> _TASK DIRECTIONS_: Every line of the listing must be reproduced as it stands. Leave the images behind.

> _DATA_:
= = = = =

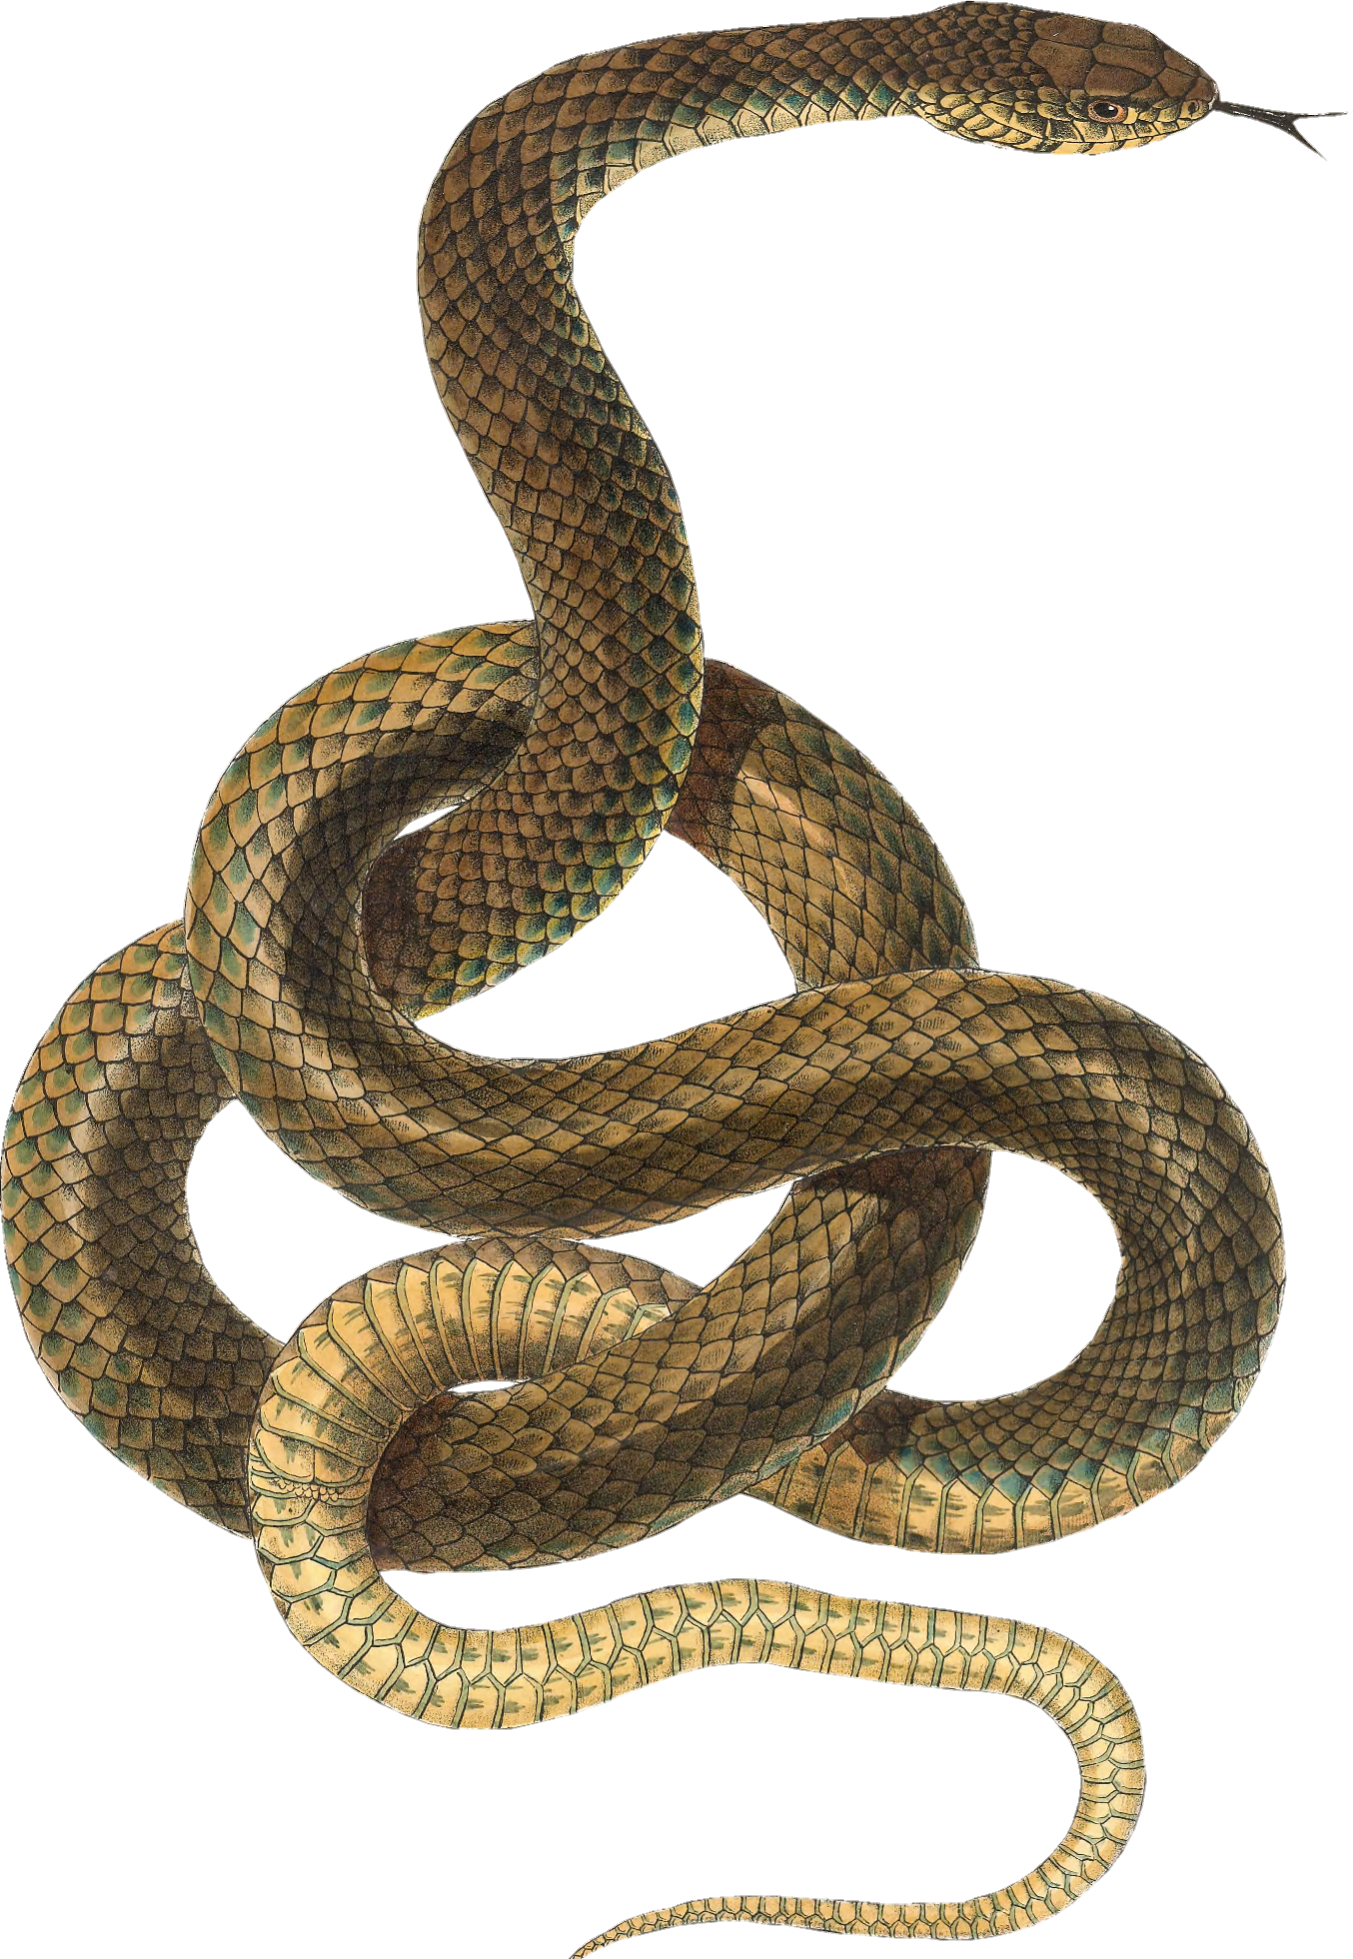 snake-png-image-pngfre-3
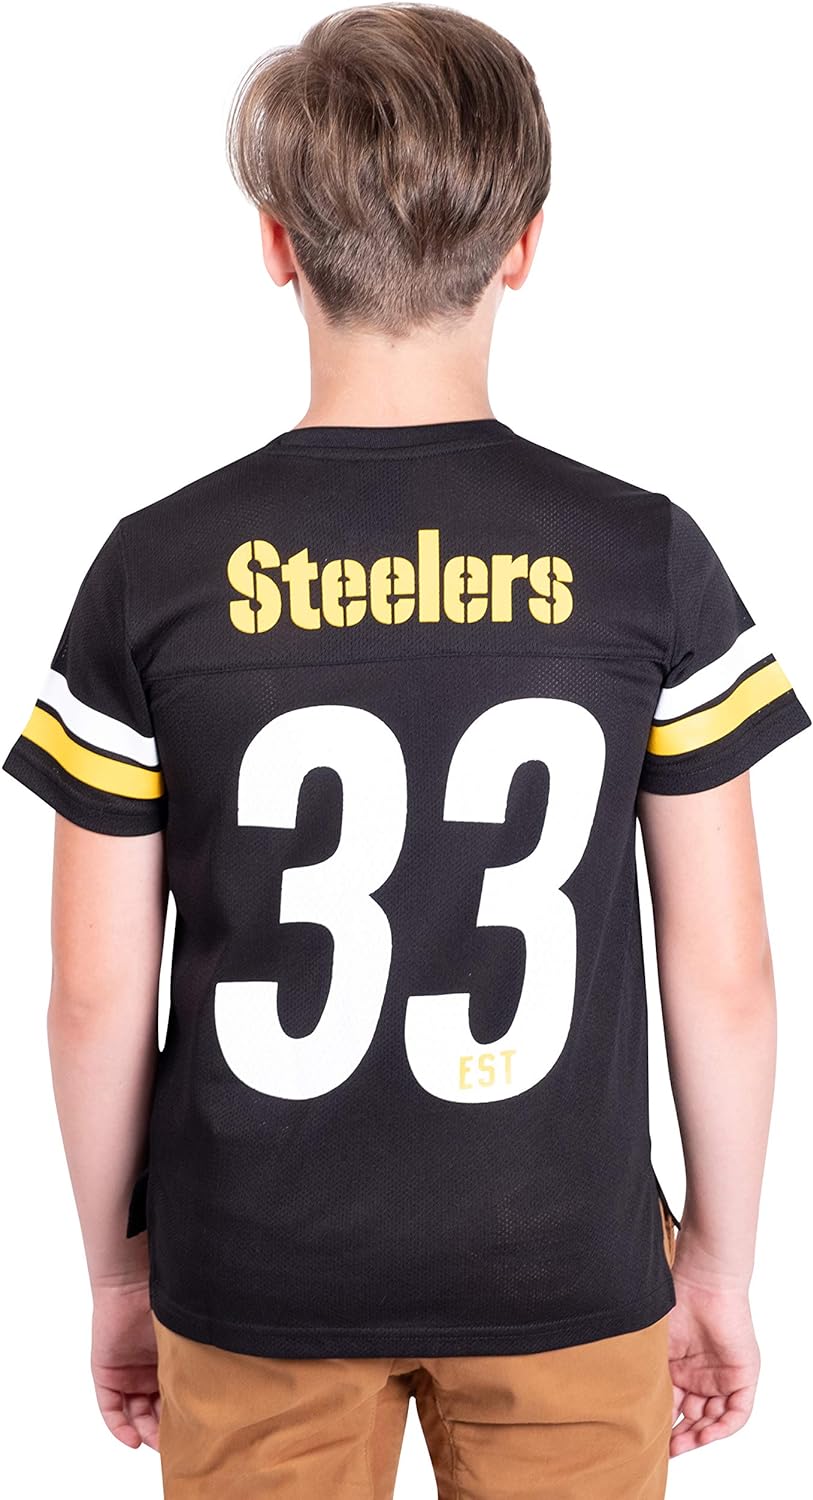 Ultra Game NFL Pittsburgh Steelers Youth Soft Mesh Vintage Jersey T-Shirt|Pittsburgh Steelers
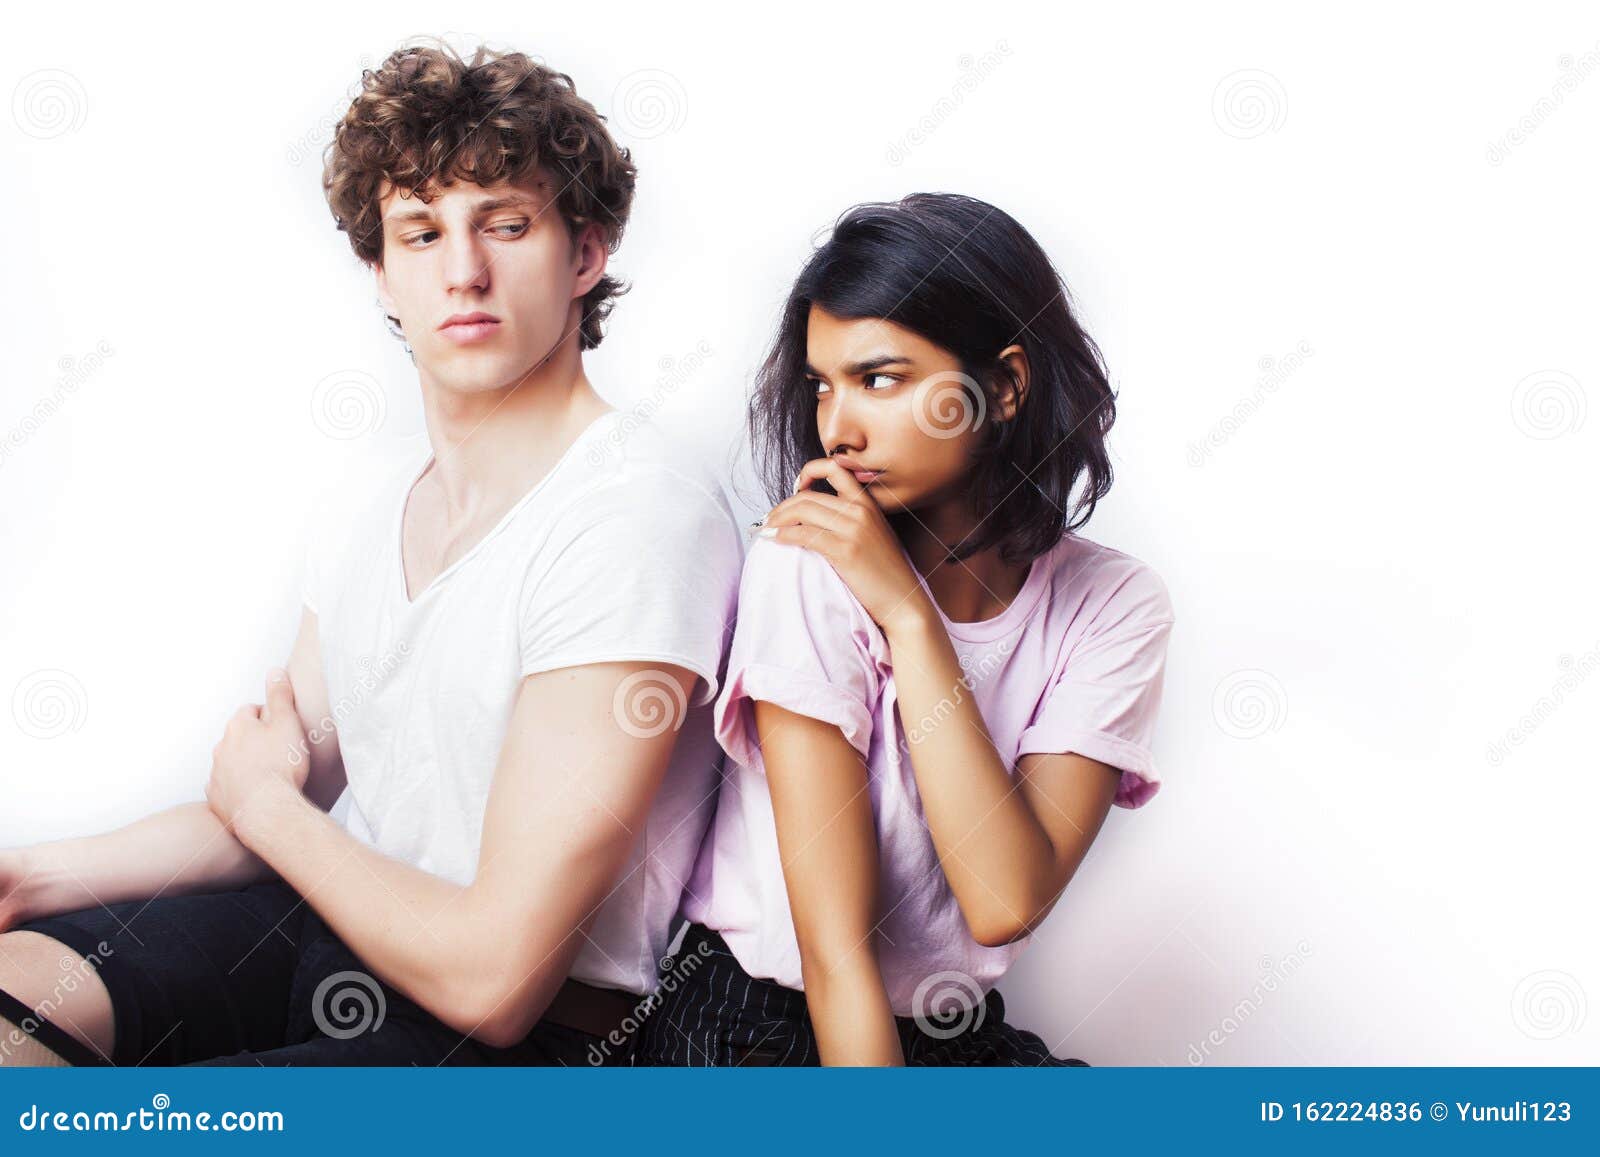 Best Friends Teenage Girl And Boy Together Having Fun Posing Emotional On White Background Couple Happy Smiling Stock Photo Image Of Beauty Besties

= = = = =

> _WRITTEN SOLUTION_:
 snake-png-image-pngfre-3
 Ultra Game NFL Pittsburgh Steelers Youth Soft Mesh Vintage Jersey T-Shirt|Pittsburgh Steelers
 Best Friends Teenage Girl And Boy Together Having Fun Posing Emotional On White Background Couple Happy Smiling Stock Photo Image Of Beauty Besties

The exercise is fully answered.